Come March, I will be marking my 29th year in the company—the only one I’ve really known and loved (and sometimes have had misgivings with) since leaving college.

Unless management and union come to an agreement on extending employees’ tenure beyond 30 years, I, together with a number of colleagues, have a year or so starting January to think of other career options before reaching mandatory retirement. That’s another good reason for asking the doctor for some Valium.

Or, as the cliché goes, I could choose to see a glass that’s half full instead of one that’s half empty.

What if all the real and imagined aches and ailments I have don’t materialize and hamper my health and quality of life until I reach 70, even 80? What if advances in science allow me to live fairly comfortably up to 100?

What if the Philippine government straightens its act in the next five to 10 years? Coupled with a booming economy, a caring and responsive society with enough creativity and resources to take care of its elderly would no longer be farfetched.

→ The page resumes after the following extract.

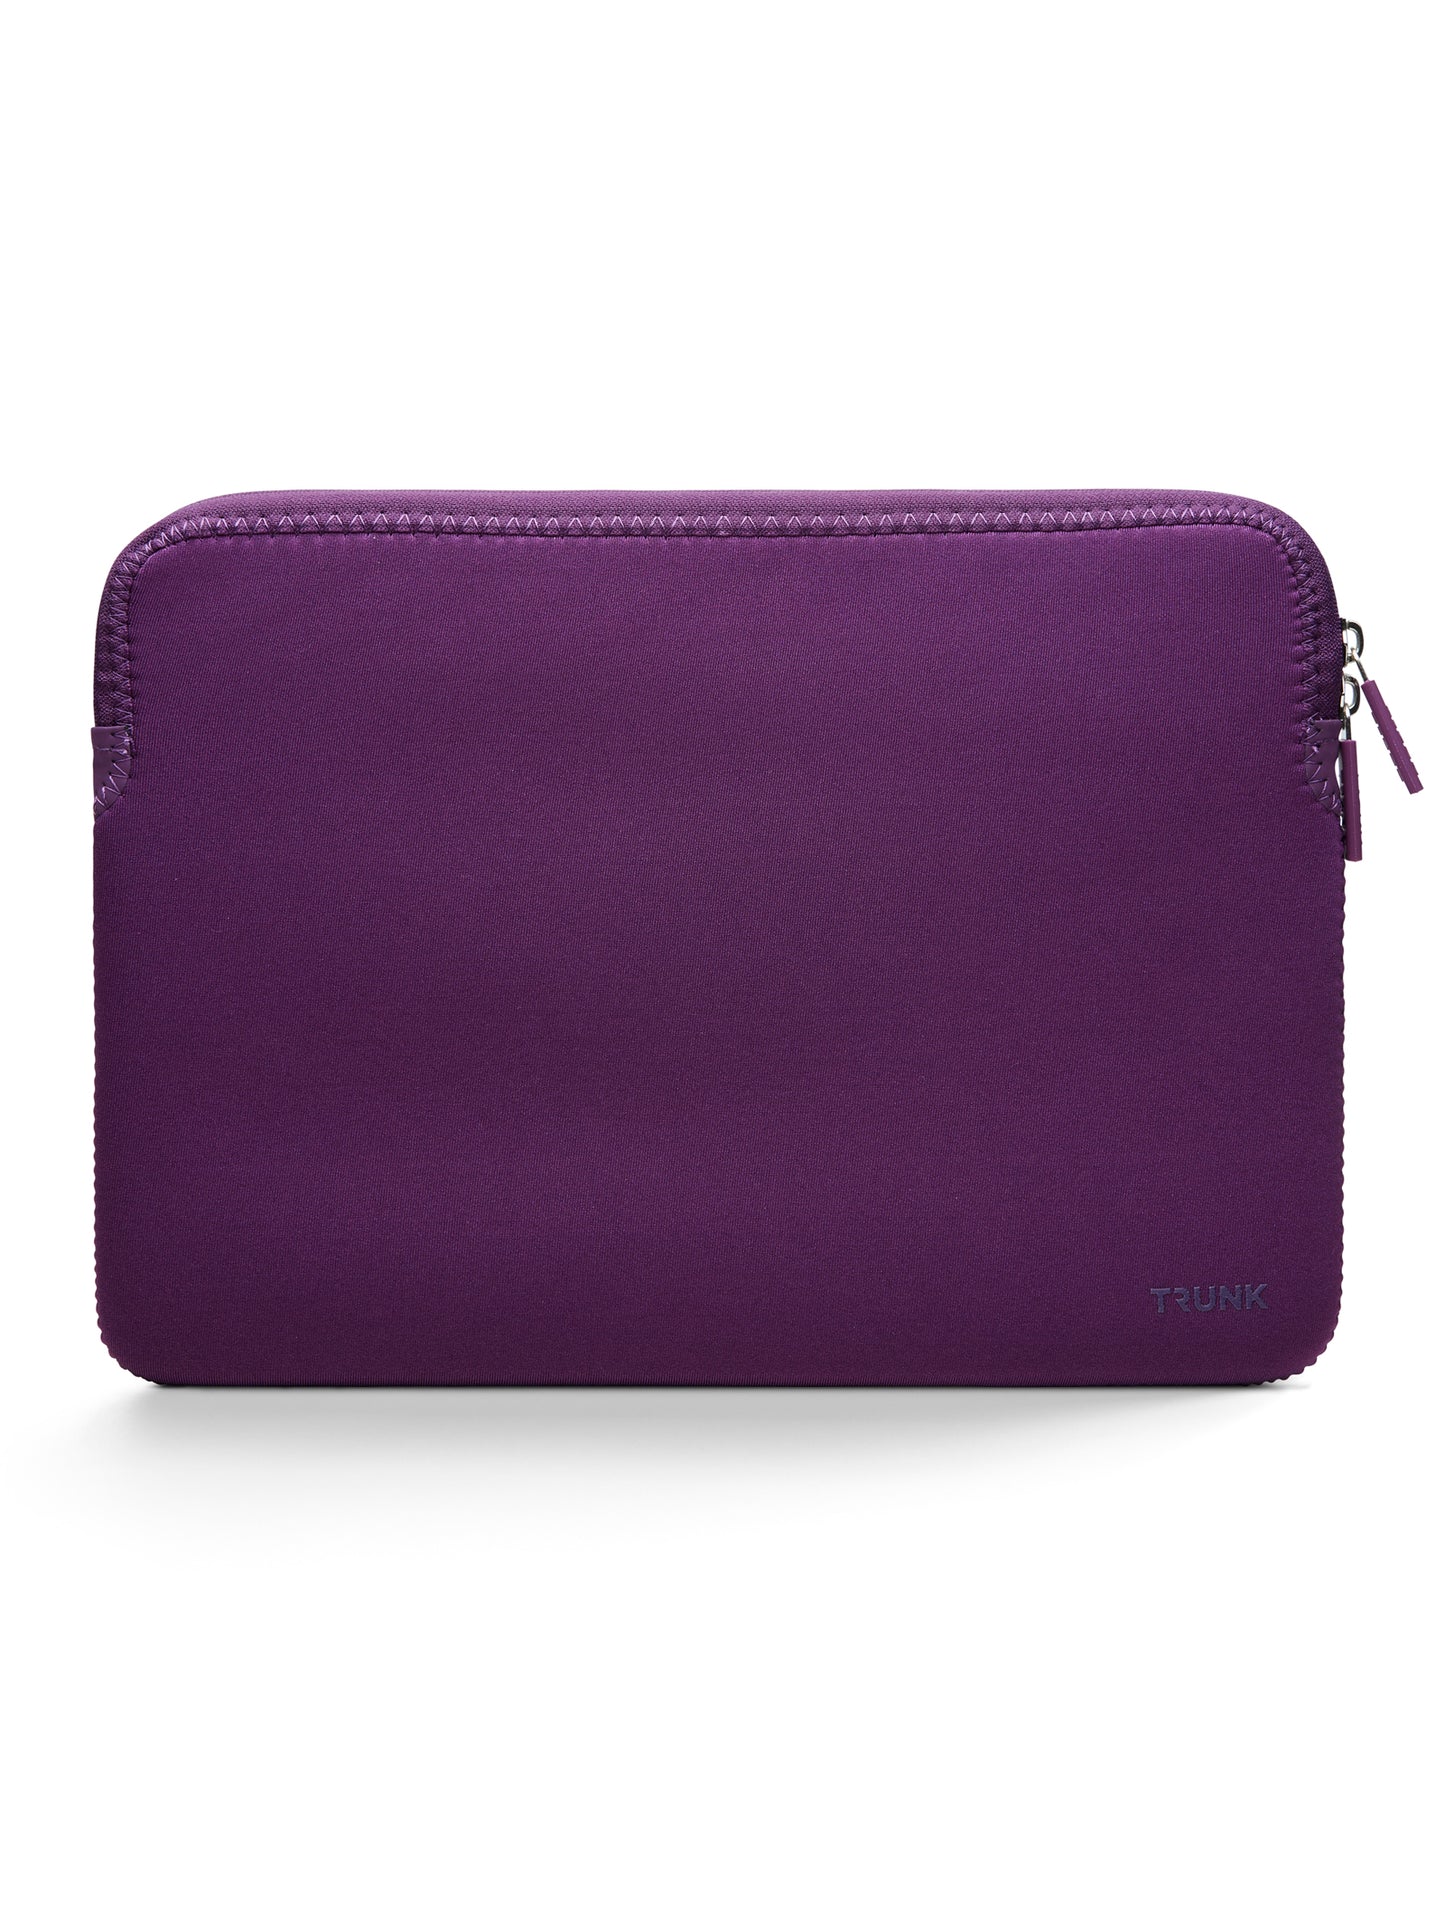 Trunk Neopren Sleeve für MacBook Air / Pro 13", Violett
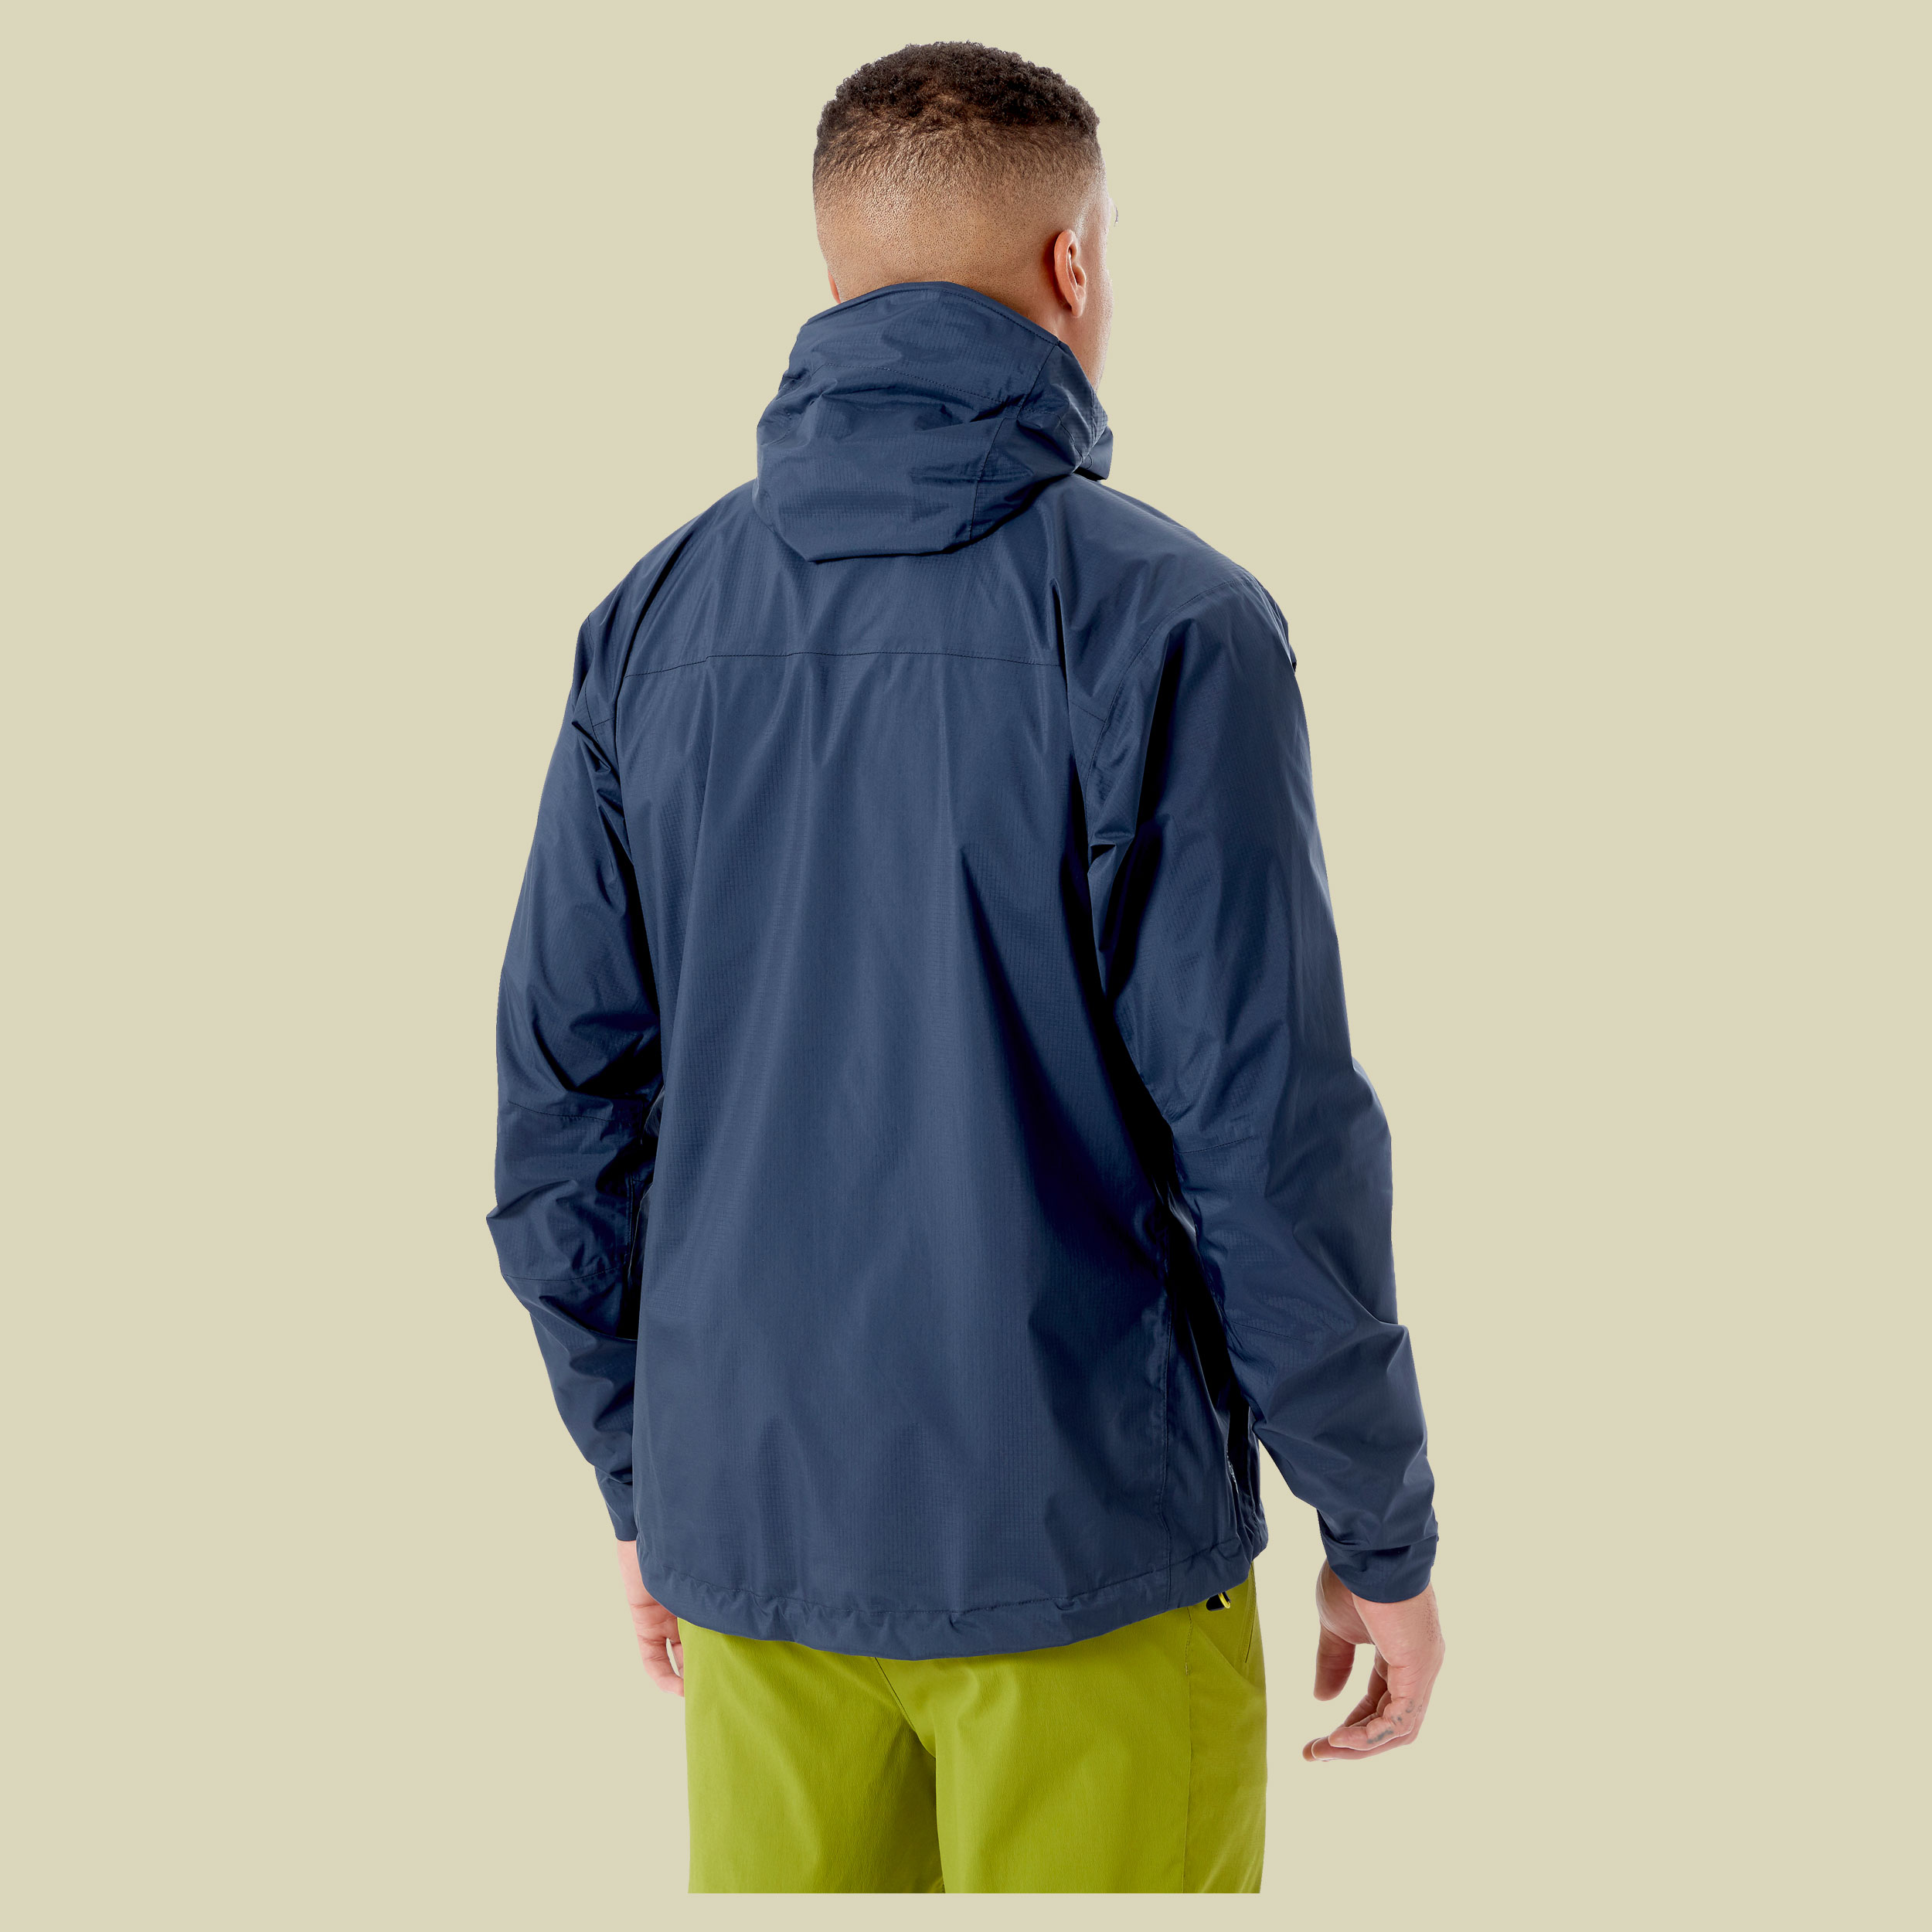 Downpour Plus 2.0 Jacket Men Größe S Farbe deep ink

TODAY, they say, is the first day of the rest of your life.

TODAY, they say, is the first day of the rest of your life.

The new 50

And with current advances in science, 70 could yet become the new 50. Should that happen, extending people’s longevity and quality of life well beyond 100 would become the norm rather than the exception.

As for my impending retirement, I could start viewing such a crossroad like the ancient Chinese once did—both as a challenge and as an opportunity.

Experiencing a major shake-out that would require you to leave your comfort zone is never easy. Even animals are hardwired through instinct to stick as much as possible to the tried and tested.

But sometimes, you need to occasionally go through certain personal upheavals to discover and tap into previously unknown reserves of strength from within.

Adapt or else

Adapt or perish. We may not be aware of it all the time, but that has been a choice we’ve been making every single day of our lives since Day One. Otherwise, none of us would be here anymore. Man or beast, the rule knows no exception.

There, I’m feeling better already. Whatever is in store for each of us, may we find the strength, courage and wisdom to deal with matters that need to be dealt with in 2015. With apologies to Nike and Adidas, let’s just do it because impossible is nothing.

Happy New Year!

GIVE peas, er, peace a chance. Why not?

GIVE peas, er, peace a chance. Why not?